▶ Required work: From the line containing "Disney povlečení do" down to the last line of the listing, quote everything word for word, and nothing else, keeping pictures out.

▶ Source material:
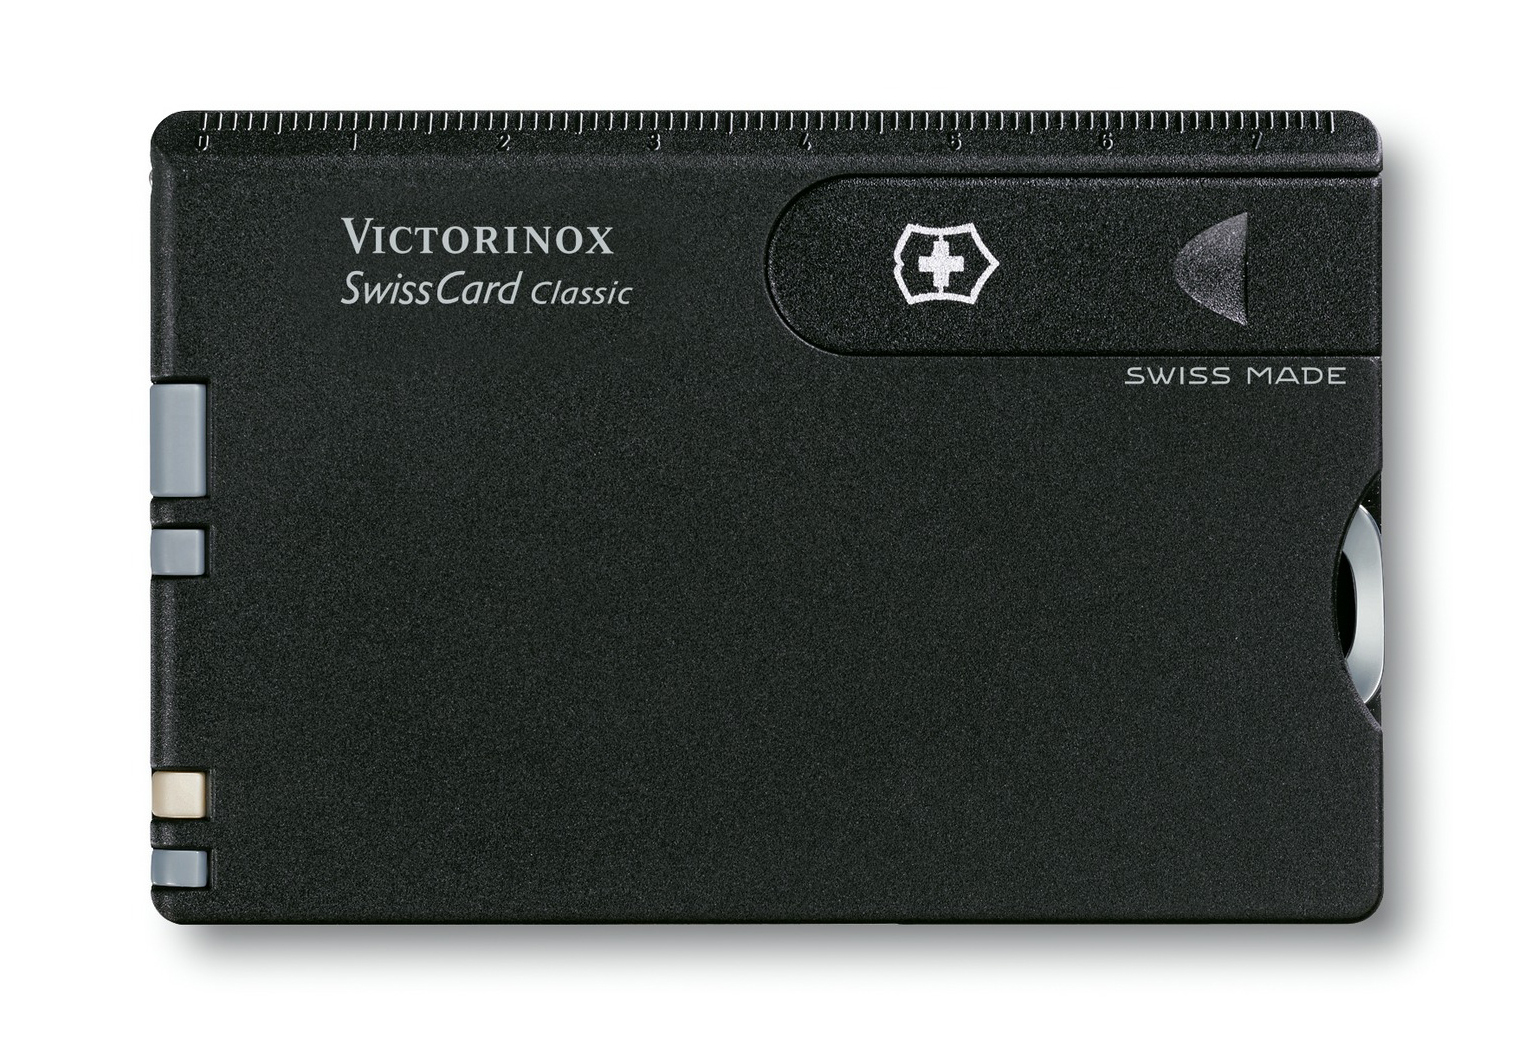 Швейцарская карта Victorinox SwissCard Classic Black (0.7133) - Wenger-Victorinox.Ru
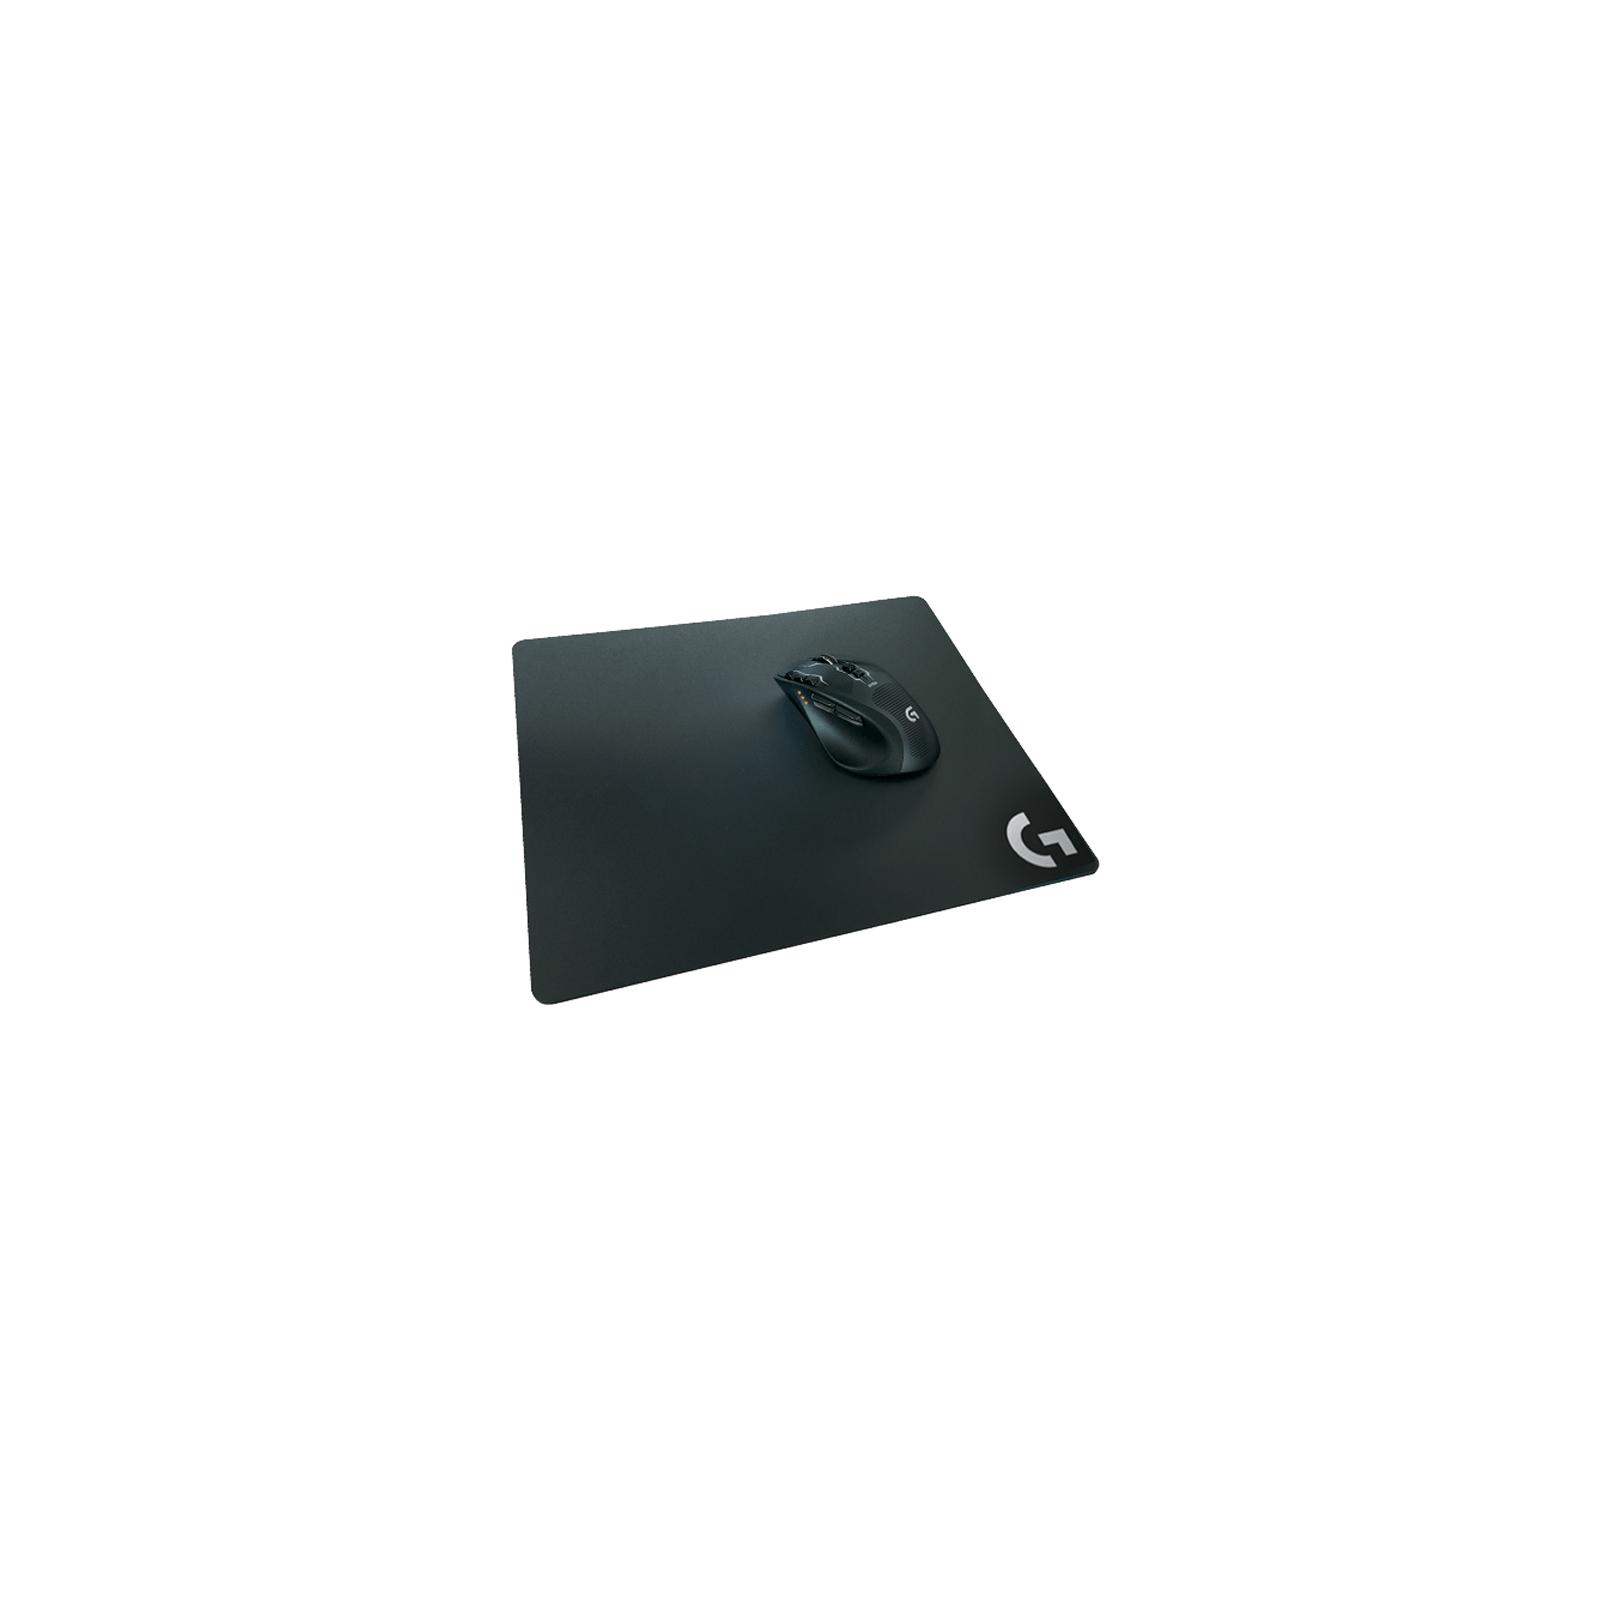 Коврик Logitech G440 Hard Gaming Mouse Pad (943-000099) изображение 3
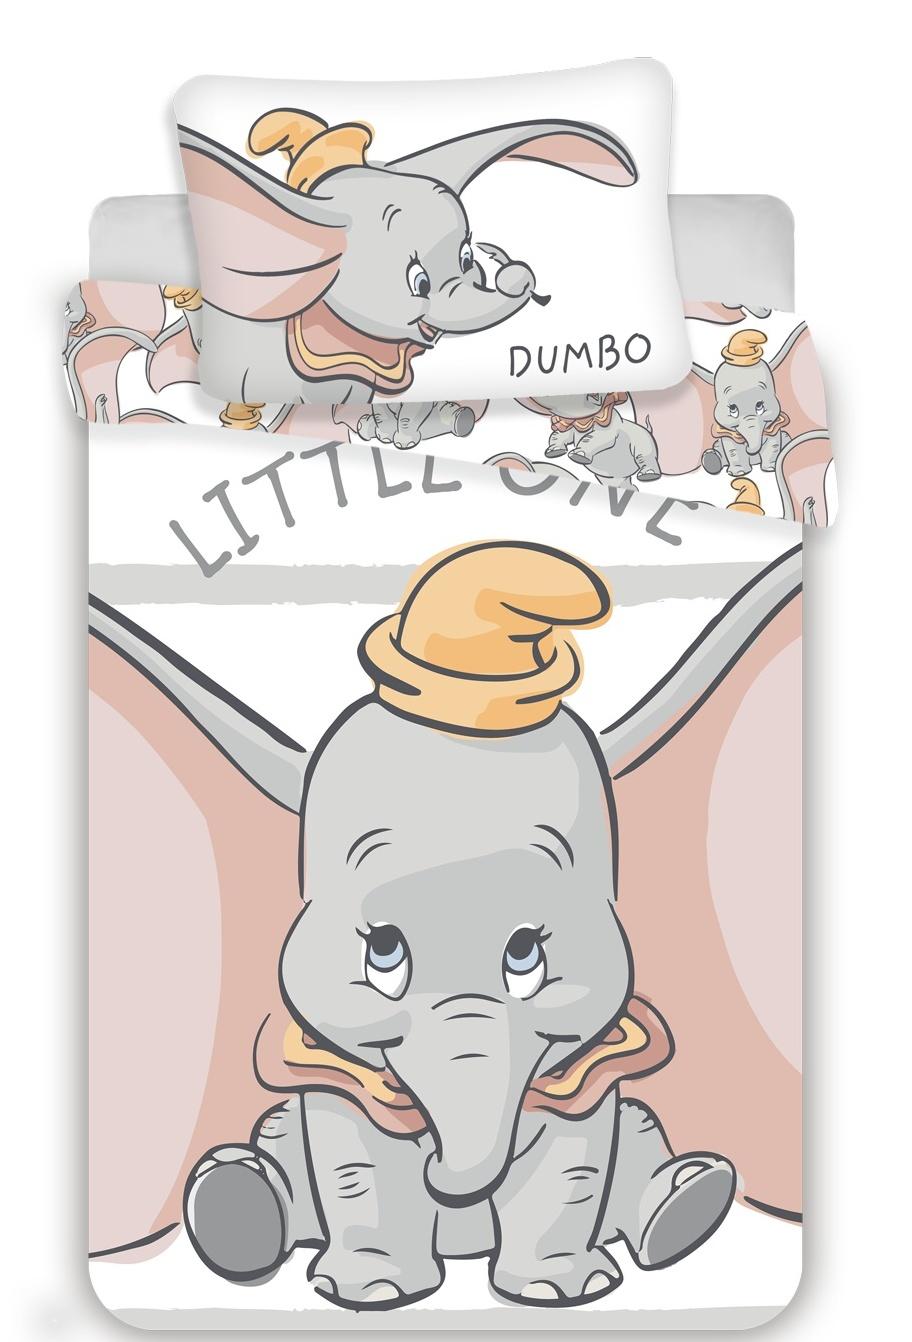 Disney povlečení do postýlky Dumbo stripe baby 100x135, 60x40 cm
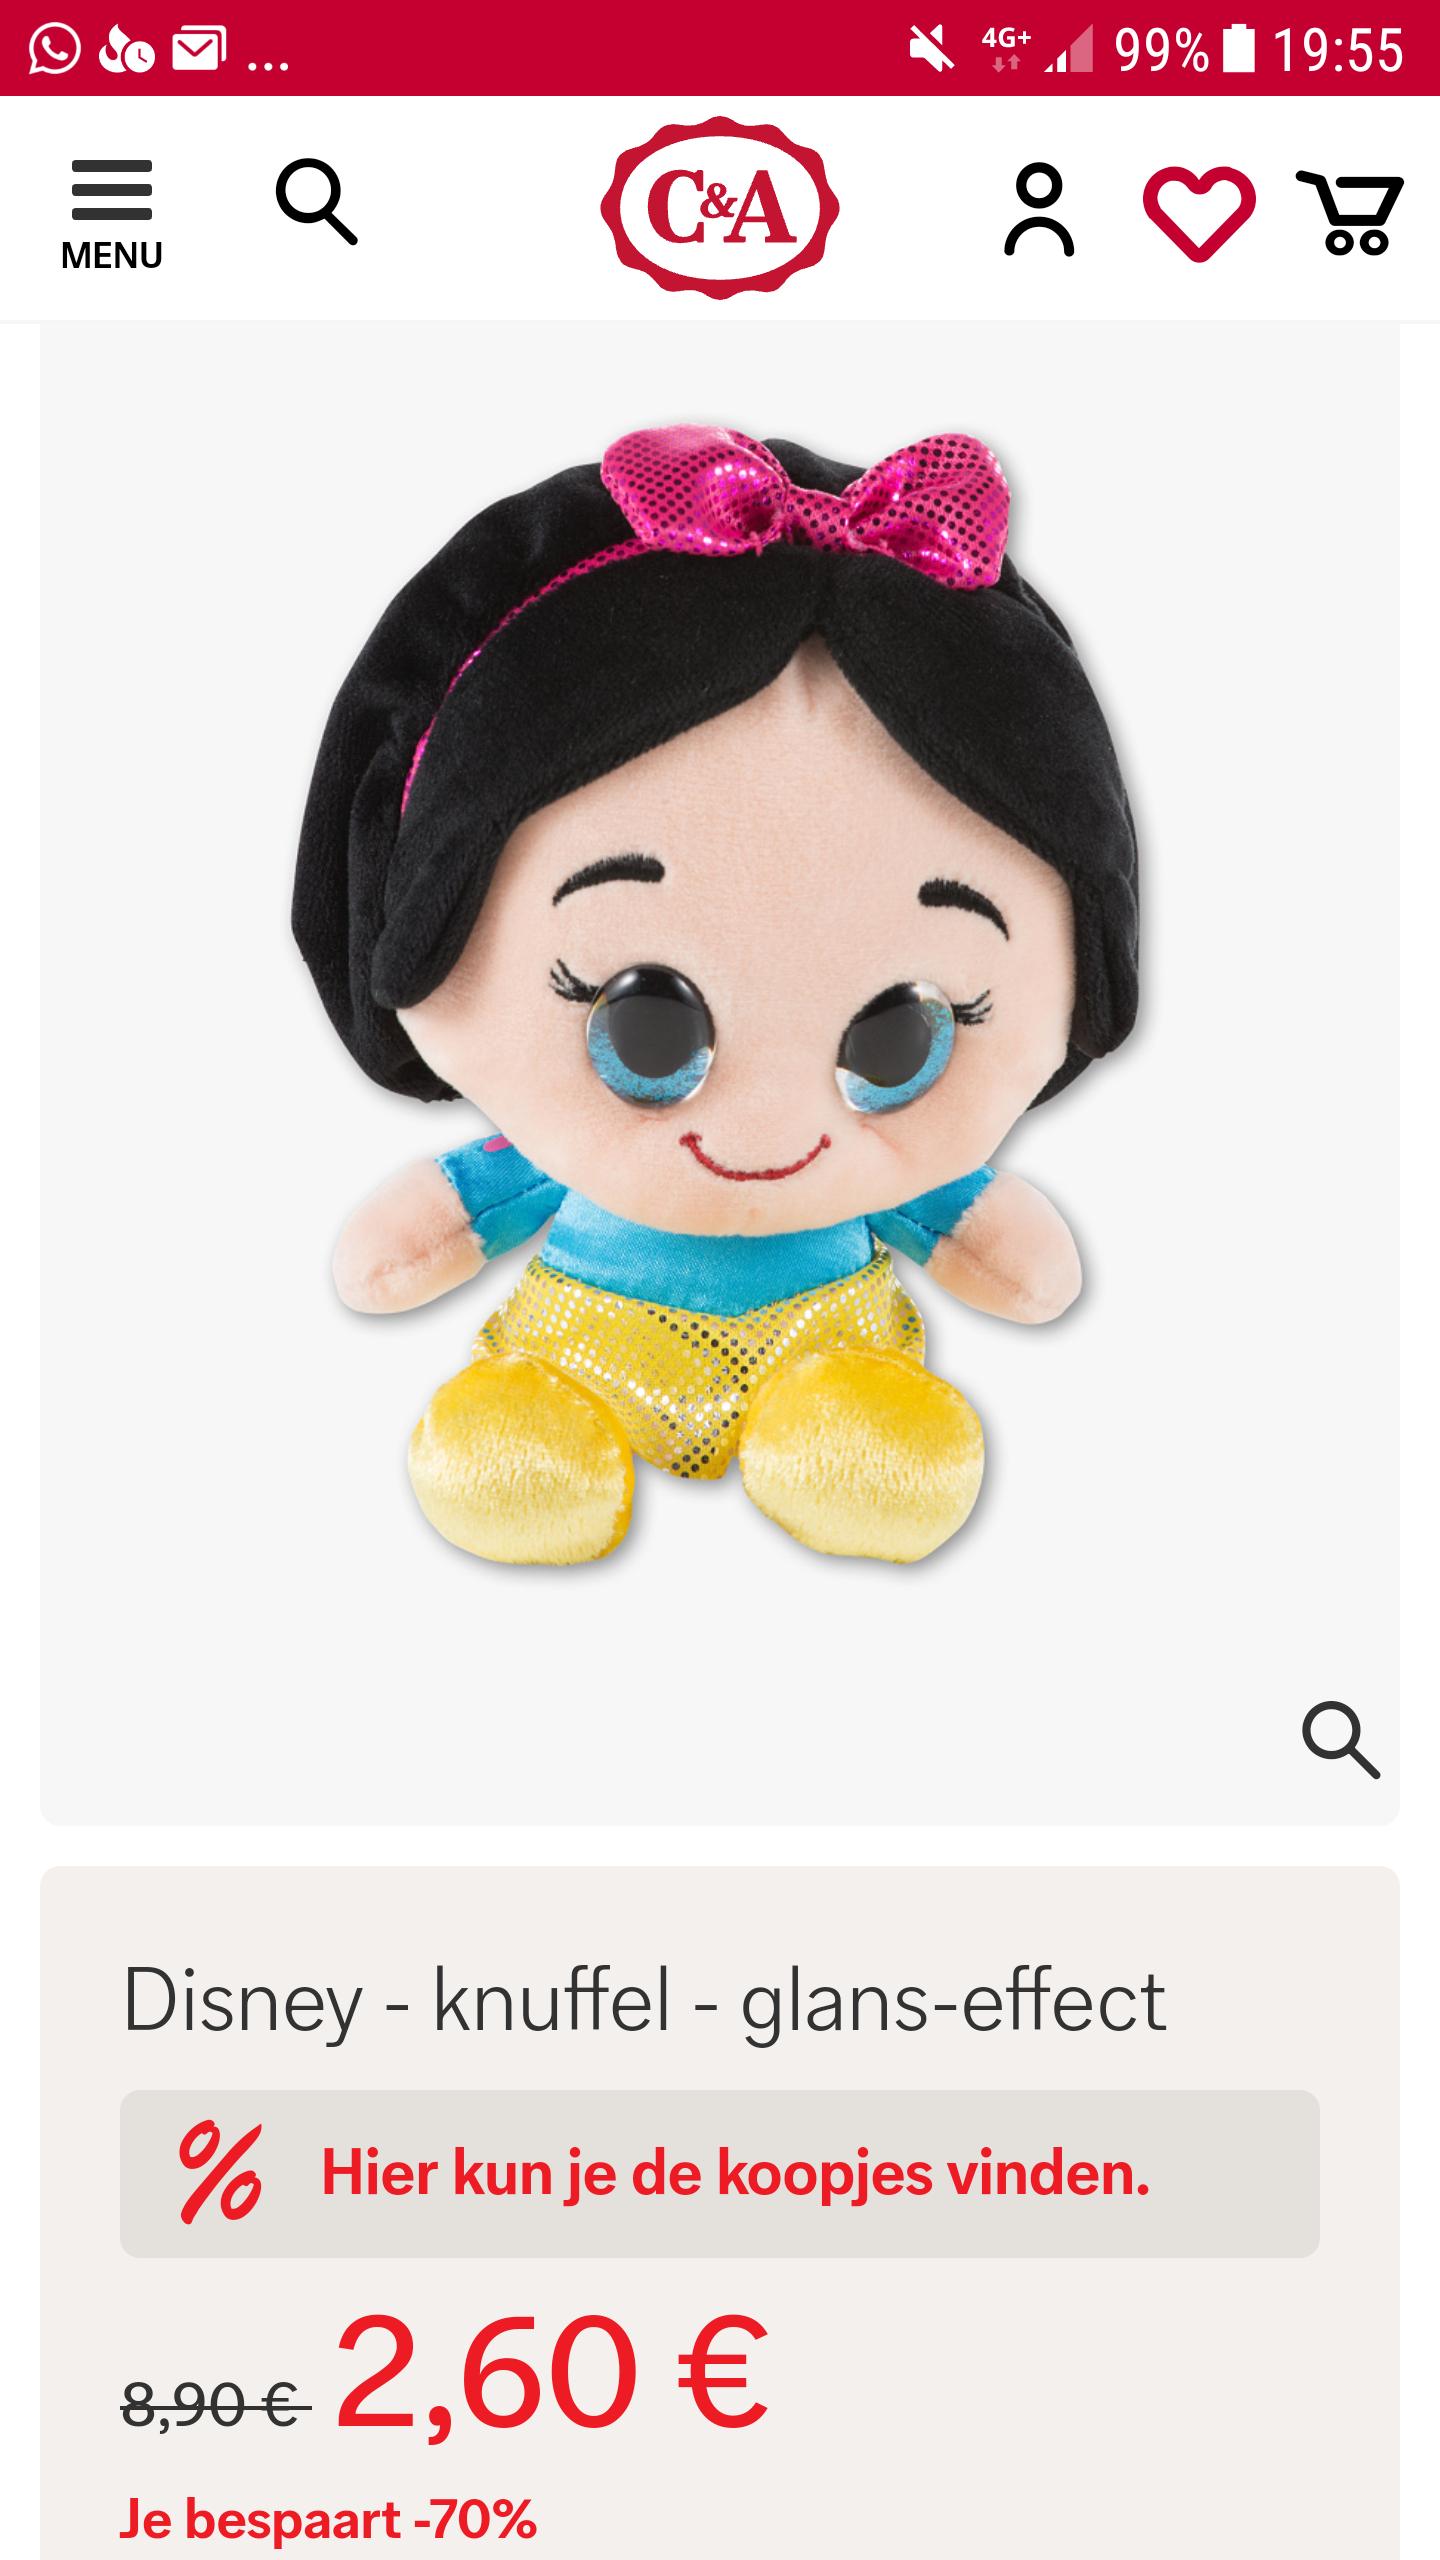 70% korting op Disney knuffel bij C&A

▶ Reply to the task:
 Disney povlečení do postýlky Dumbo stripe baby 100x135, 60x40 cm
 70% korting op Disney knuffel bij C&A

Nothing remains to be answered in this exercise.